Reparations for Slave Descendants Discussed Nov. 14 at Dickinson Hall
Adjoa Aiyetoro, J.D., assistant professor of law at the William H. Bowen School of Law, will present a lecture, “The Whys and Wherefores of Reparations for African Descendants” from 7 p.m. to 9 p.m. Tuesday, Nov. 14, at the Dickinson Hall Auditorium.
The event is sponsored by the Department of Philosophy and Liberal Studies and its student organization, the Socratic Society. Admission is free.

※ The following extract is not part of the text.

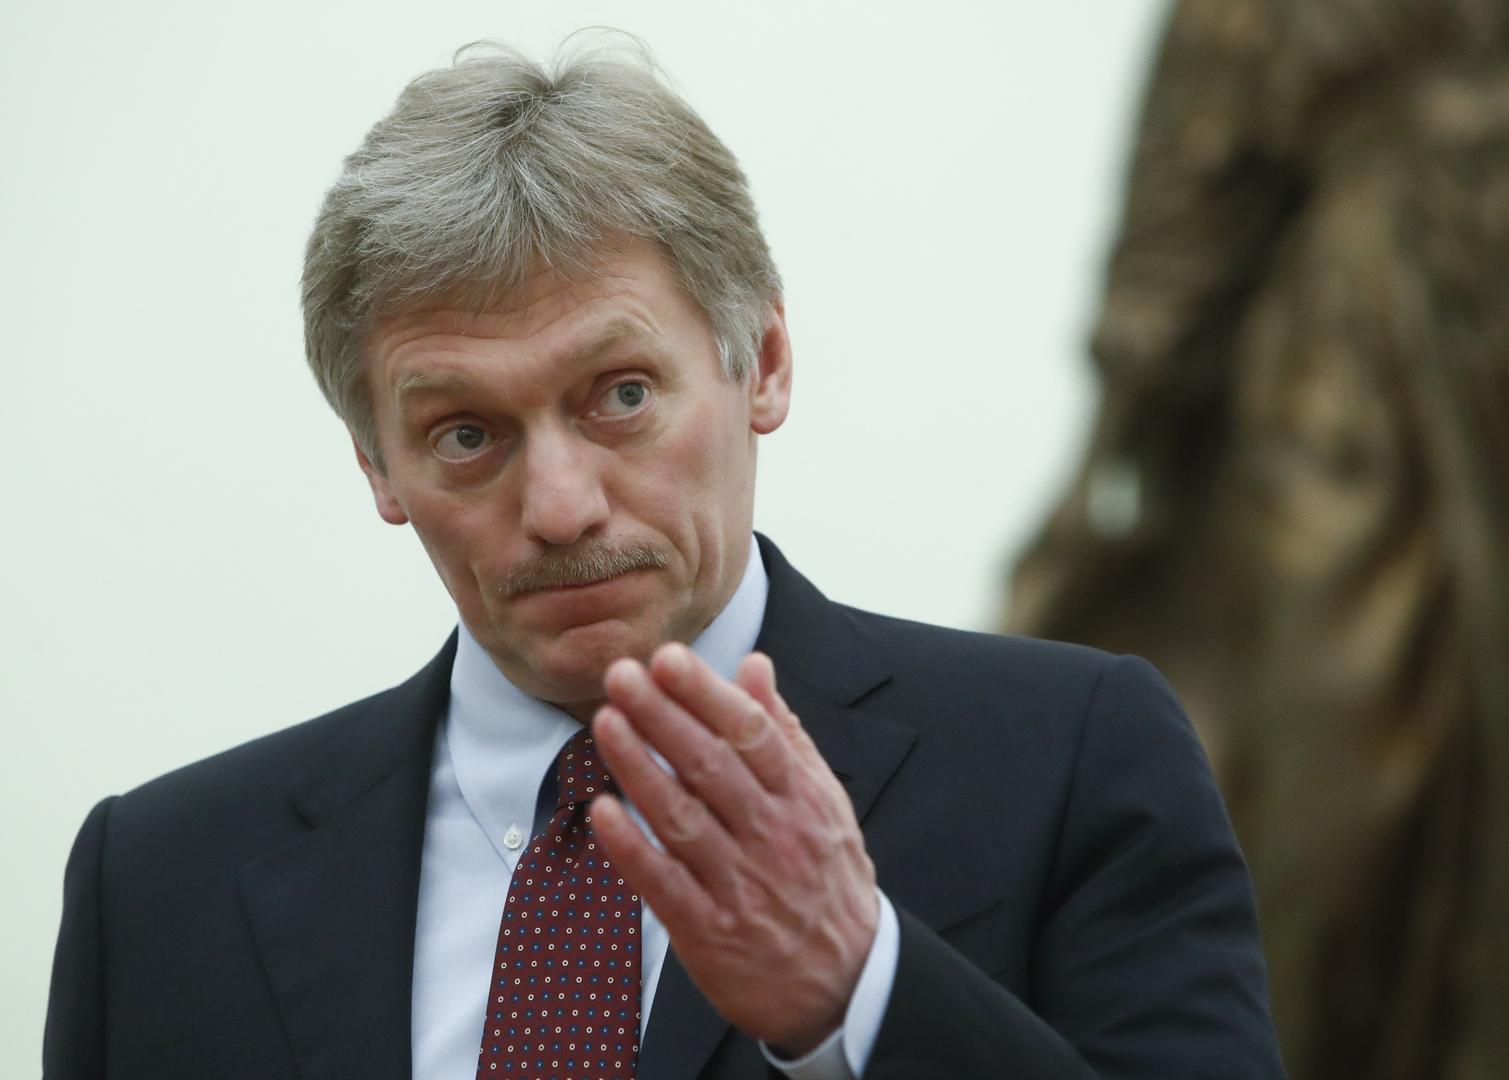 بيسكوف: الدعوات للخروج في تجمعات غير مرخص فيها أمر غير مقبول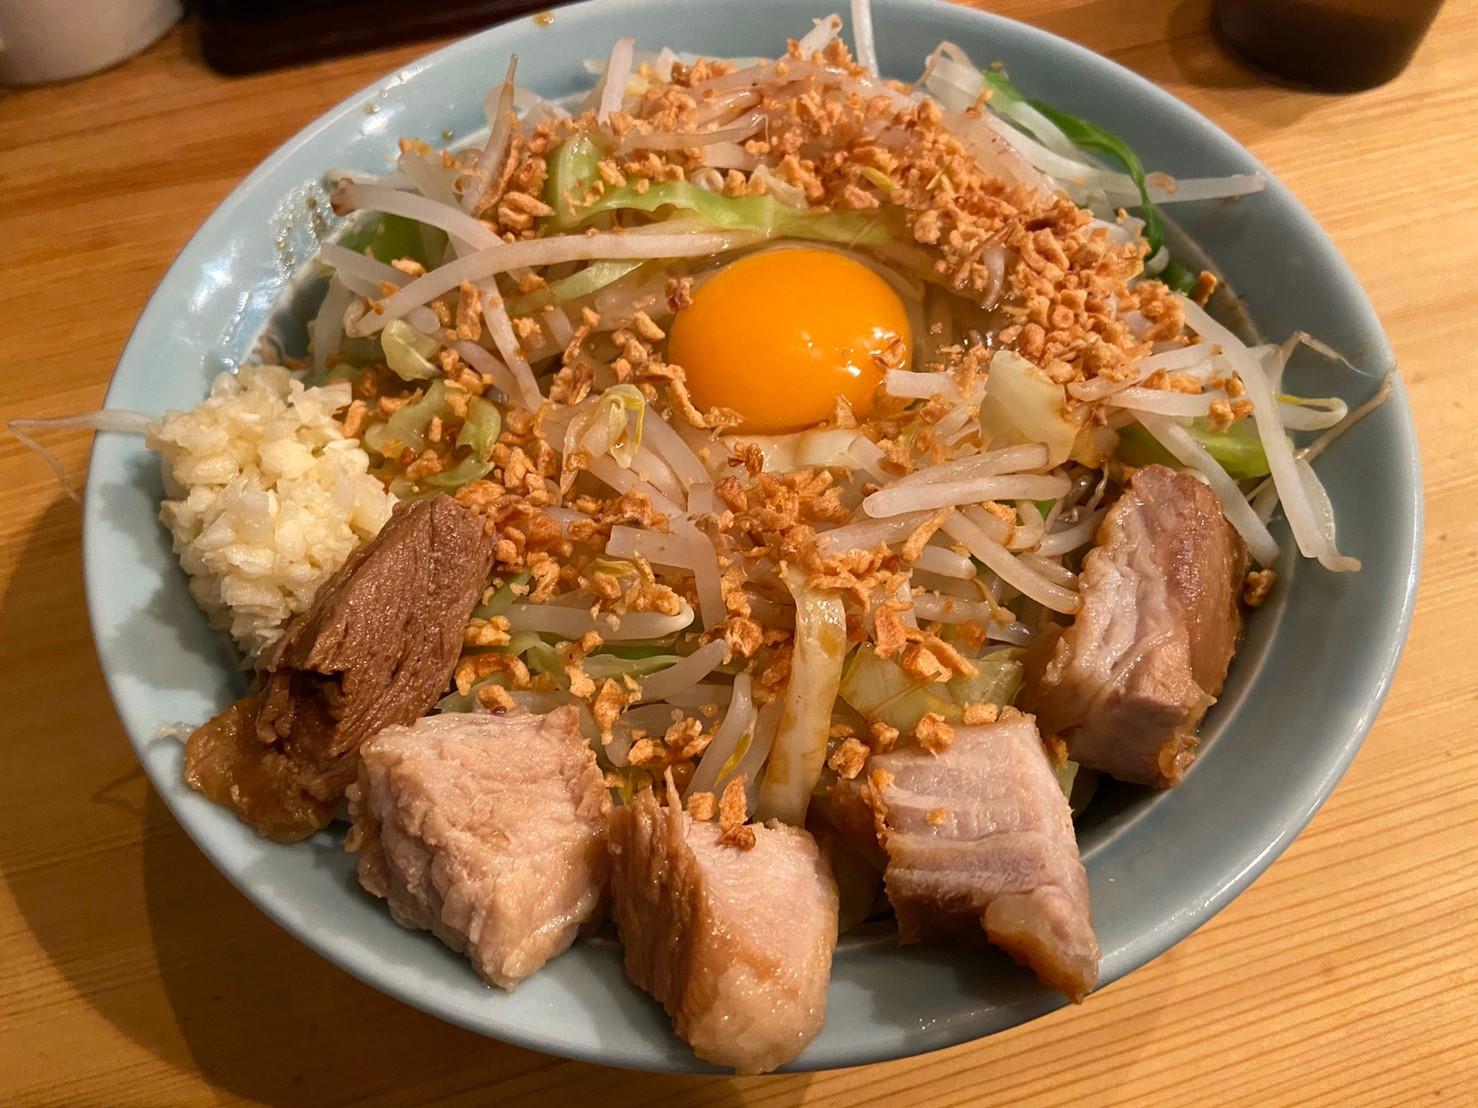 【茅ヶ崎】菜良(さら)であえそばを食らう!二郎系のインスパイヤラーメン屋さん。

Aiyetoro, who joined the UALR Law School in 2004, has worked as a human rights attorney and as a staff attorney in the special litigation section of the Justice Department’s Civil Rights Division where she developed an expertise in prisoner rights. She has also worked at ACLU National Prison Project and held executive positions with the National Conference of Black Lawyers and the Congressional Black Caucus Foundation, Inc. She has also served as a consultant for the National Coalition of Blacks for Reparations in America (N’COBRA), represented the Women’s International League for Peace and Freedom at the World Conference Against Racism, coordinated the Lawyers’ Committee for Civil Rights Under Law’s delegation to the United Nations’ Conference on Women in Beijing, and represented the organization at the 2000 Beijing Plus 5.
Professor Aiyetoro’s publications include The Unkept Promise of the 13th Amendment: A Call for Reparations, Women and The U.S. Constitution: History, Interpretation and Practice.